Exercise instructions: A partial copy is required: transcribe exactly the lines from the one containing "Media59Story AlbumUse this" through the last line below, without any pictures.

[[ Data shown open ]]

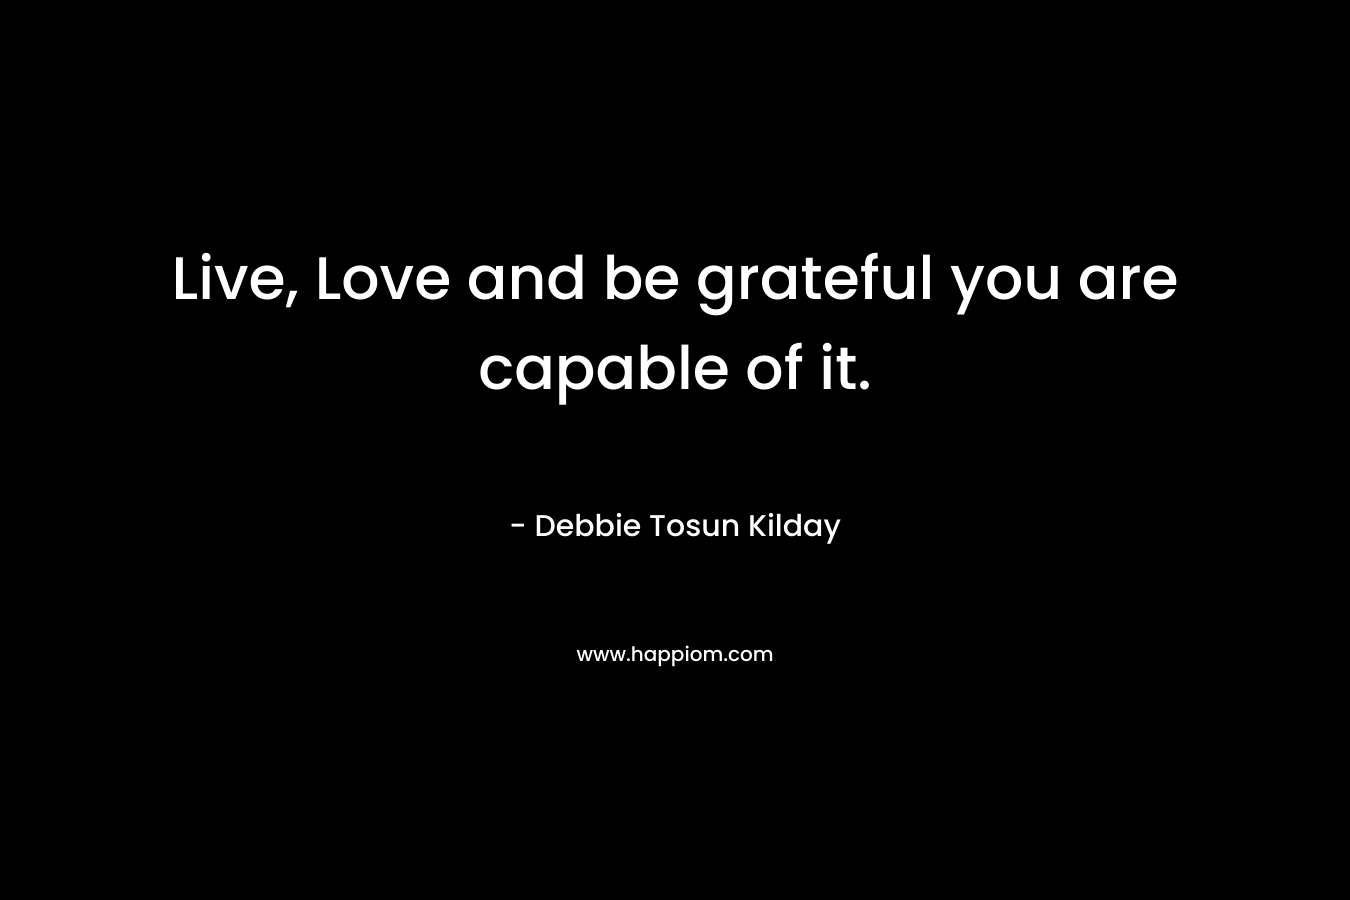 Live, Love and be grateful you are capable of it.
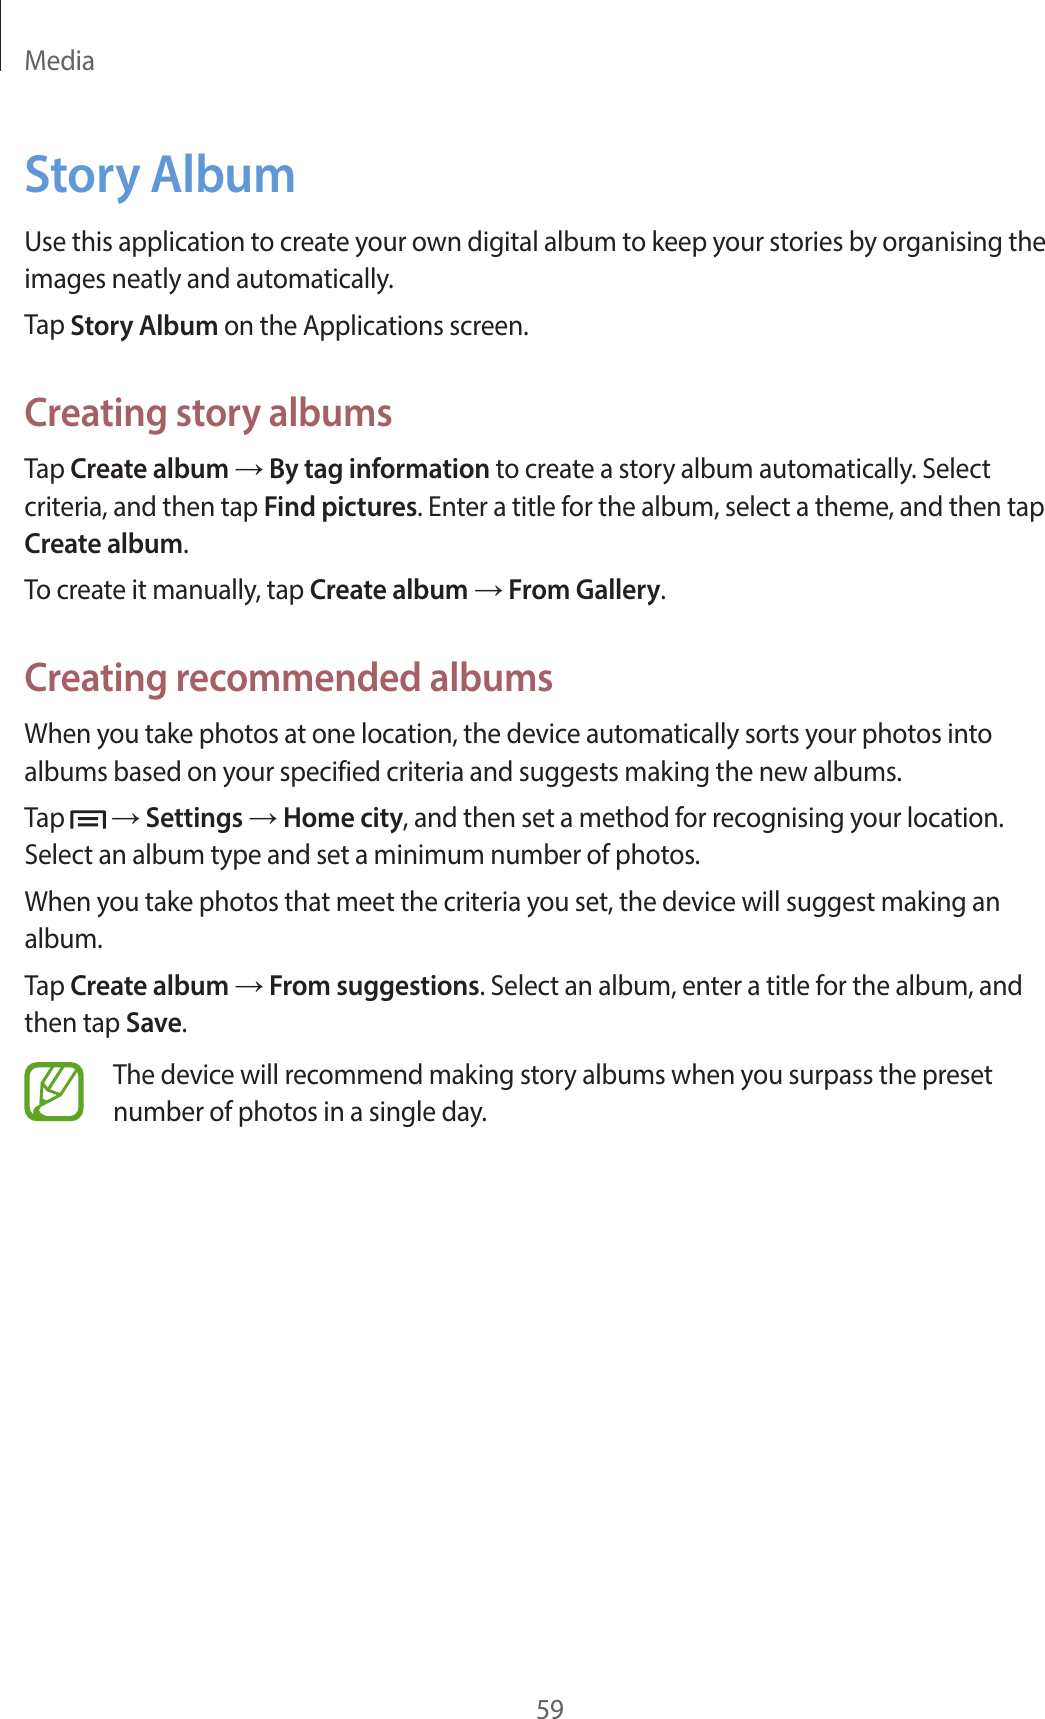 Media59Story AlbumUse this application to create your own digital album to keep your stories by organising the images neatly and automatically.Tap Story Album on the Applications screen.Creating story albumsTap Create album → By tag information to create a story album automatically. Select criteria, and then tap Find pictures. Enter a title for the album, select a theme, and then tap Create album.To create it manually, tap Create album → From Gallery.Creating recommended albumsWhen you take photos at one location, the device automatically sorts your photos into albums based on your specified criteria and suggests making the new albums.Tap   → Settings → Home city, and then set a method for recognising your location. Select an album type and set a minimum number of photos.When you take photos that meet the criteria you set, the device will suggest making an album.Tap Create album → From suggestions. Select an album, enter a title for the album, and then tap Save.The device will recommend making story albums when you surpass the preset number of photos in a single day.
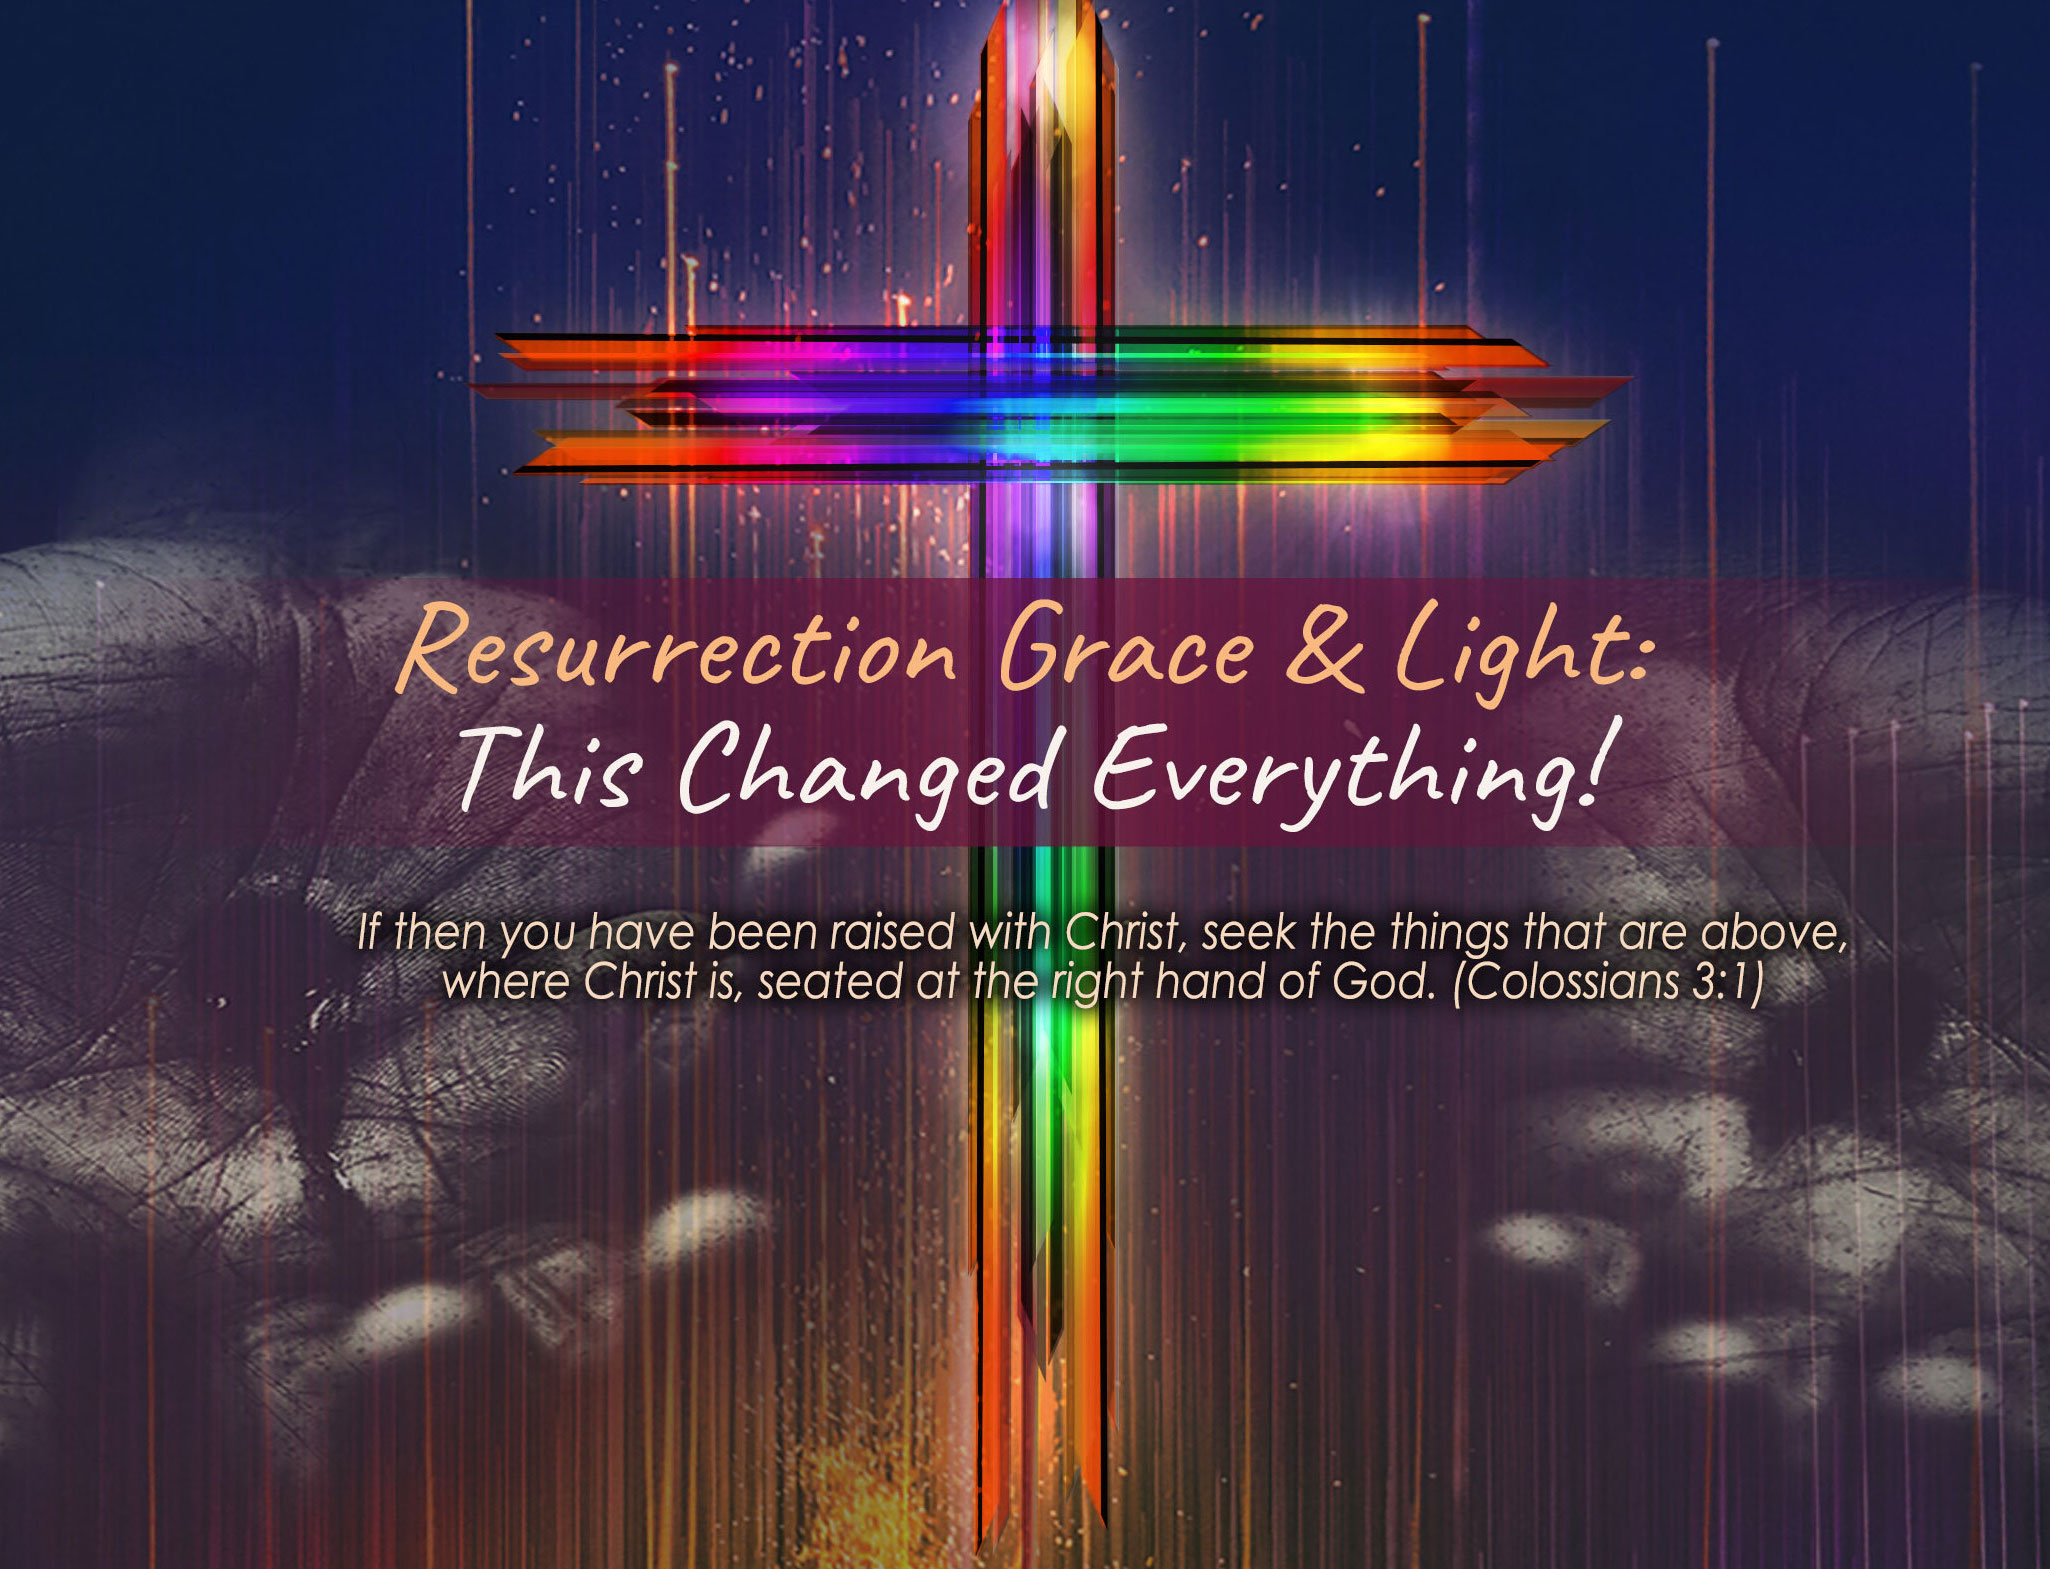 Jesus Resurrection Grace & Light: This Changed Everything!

[[ Data shown closed ]]

Solution for this exercise:
 Media59Story AlbumUse this application to create your own digital album to keep your stories by organising the images neatly and automatically.Tap Story Album on the Applications screen.Creating story albumsTap Create album → By tag information to create a story album automatically. Select criteria, and then tap Find pictures. Enter a title for the album, select a theme, and then tap Create album.To create it manually, tap Create album → From Gallery.Creating recommended albumsWhen you take photos at one location, the device automatically sorts your photos into albums based on your specified criteria and suggests making the new albums.Tap   → Settings → Home city, and then set a method for recognising your location. Select an album type and set a minimum number of photos.When you take photos that meet the criteria you set, the device will suggest making an album.Tap Create album → From suggestions. Select an album, enter a title for the album, and then tap Save.The device will recommend making story albums when you surpass the preset number of photos in a single day.
 Jesus Resurrection Grace & Light: This Changed Everything!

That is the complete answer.